Around the time he is believed to have finished what we now know as "The Jefferson Bible," Jefferson wrote to his friend, William Short:

"We find in the writings of (Jesus's) biographers matter of two distinct descriptions. First, a groundwork of vulgar ignorance, of things impossible, of superstitions, fanaticisms and fabrications. Intermixed with these, again, are sublime ideas of the Supreme Being, aphorisms, and precepts of the purist morality and benevolence, sanctioned by a life of humility, innocence, and simplicity of manners, neglect of riches, absence of worldy ambitions and honors, with an eloquence and persuasiveness which have not been surpassed. These could not be the intentions of the groveling authors who related them. They are far beyond the powers of their feeble minds. They show there was a character, a subject of their history, whose splendid conceptions were above suspicion as being interpolations from their hands. Can we be at a loss in separating such materials and ascribing each to its original author? The difference is obvious to the eye and to the understanding, and we may read as we run to each his part; and I will venture to affirm that he who, as I have done, will undertake to winnow this grain from the chaff, will find it not to require a moment's consideration. The parts fall asunder of themselves, as would those of an image of metal and clay." (p. 29-30).

April 04, 2007 2:05 PM  
Blogger ELAshley said...

ER, your quotes are-- on the surface --troubling. And yet, deeper in, I find a lot with which to be encouraged.

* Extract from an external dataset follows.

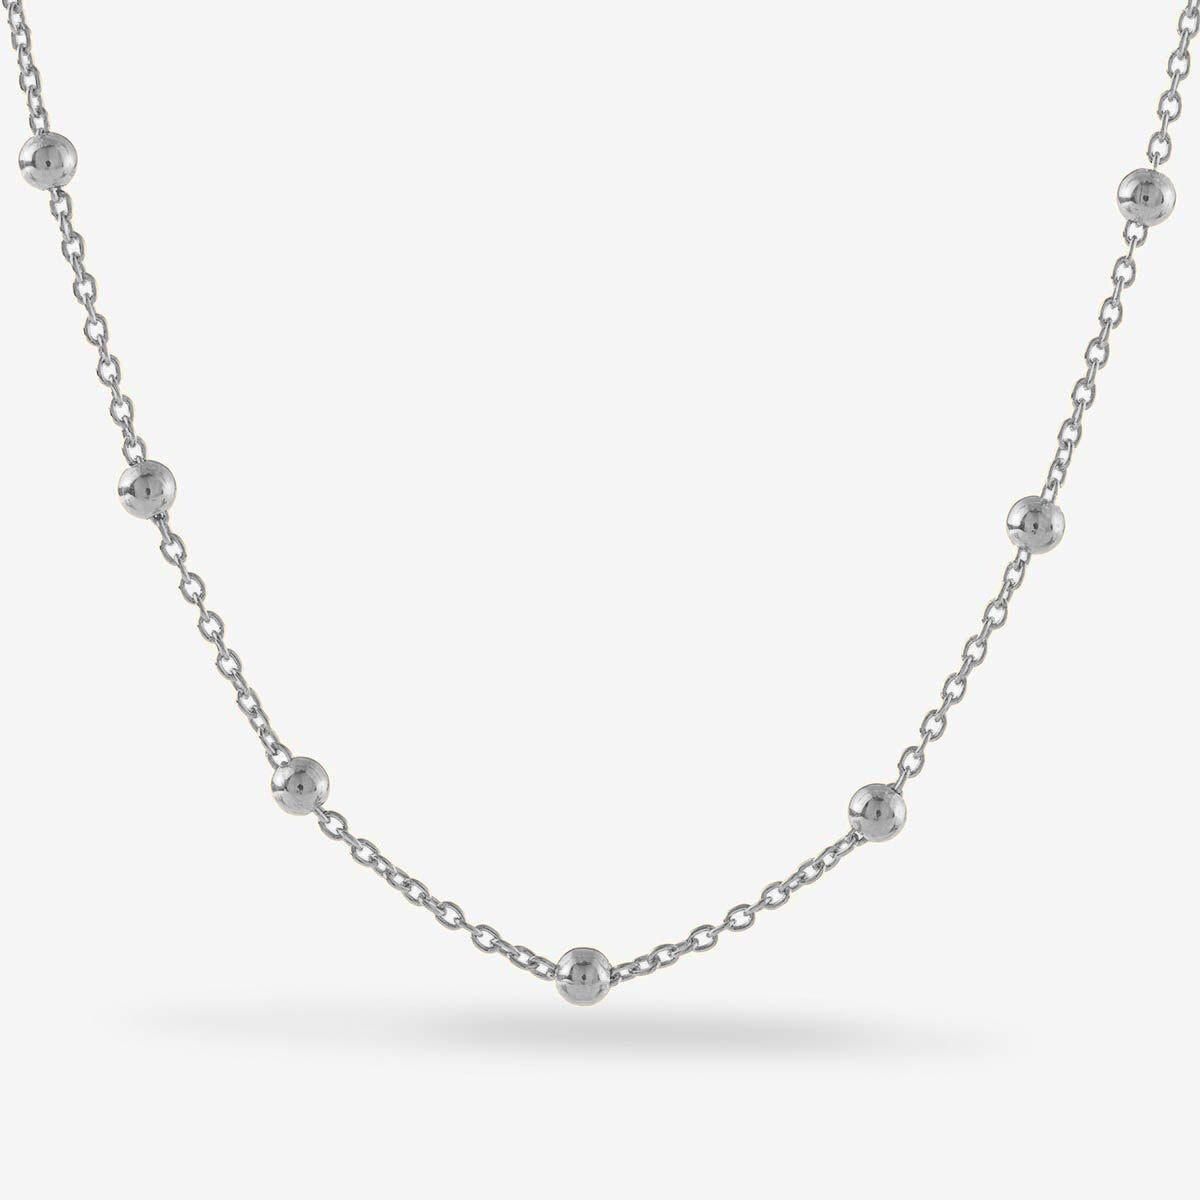 Ank - Silber

I don't have time to explain, but you did at least live up to your word. I won't have much free time and computer availability 'til Saturday afternoon. Some 'Schmoe' within Gray Communications accidentally or deliberately allowed their stations network to become infected by a virus, according to our engineers, that was so new there was no ready fix. Since every network within Grays stable-- some 30+ --is linked via the internet, every single Gray station was infected... And we are just recovering, Bent having put in overtime himself to help out. But now we are all barred from accessing mail accounts other than station accounts... no Gmail, no Yahoo, no Hotmail, which means no moderating comments til 11PM central. Also, no more surfing that isn't directly job related-- though Bent feels secure enough to flaunt the rules. What this means for me, a guy who is used to checking his email every 10 or 15 minutes of the day... well... there is a seriously huge void in my life right now. You can't imagine how much downtime we have between 6:30 and 9:00PM... It's either bring a book or a movie to work, which is cool (I've burned through three books since Monday), but the Blog is completely off limits at work now.

April 05, 2007 1:14 AM  
Blogger Erudite Redneck said...

It's cool, EL.

But I don't know what's so disturbing about what Jefferson wrote. He was who he was: A serious student of the Enlightenment, a kind of Christian humanist who believed in the Creator and, while he probably (can't ever be sure) didn't "trust in (a divine) Jesus" in the substitionary atonement sense, he did, apparently, try to "follow" Jesus in his own way, in the moral-influence sense of atonement, which is more complicated than just "works." God's grace surely fell on him, IMHO.

Oh, and the farmin' thing of his at Monticello made him, ahem, an ... Erudite Redneck! :-)

April 05, 2007 1:25 AM  
Blogger Erudite Redneck said...

BTW, I blogged about this today, with a link to this thread. I was civil. :-)

April 06, 2007 2:42 PM  
Blogger Estase said...

You'll learn much more about Christianity if you drop the Jefferson and pick up Samuel Taylor Coleridge.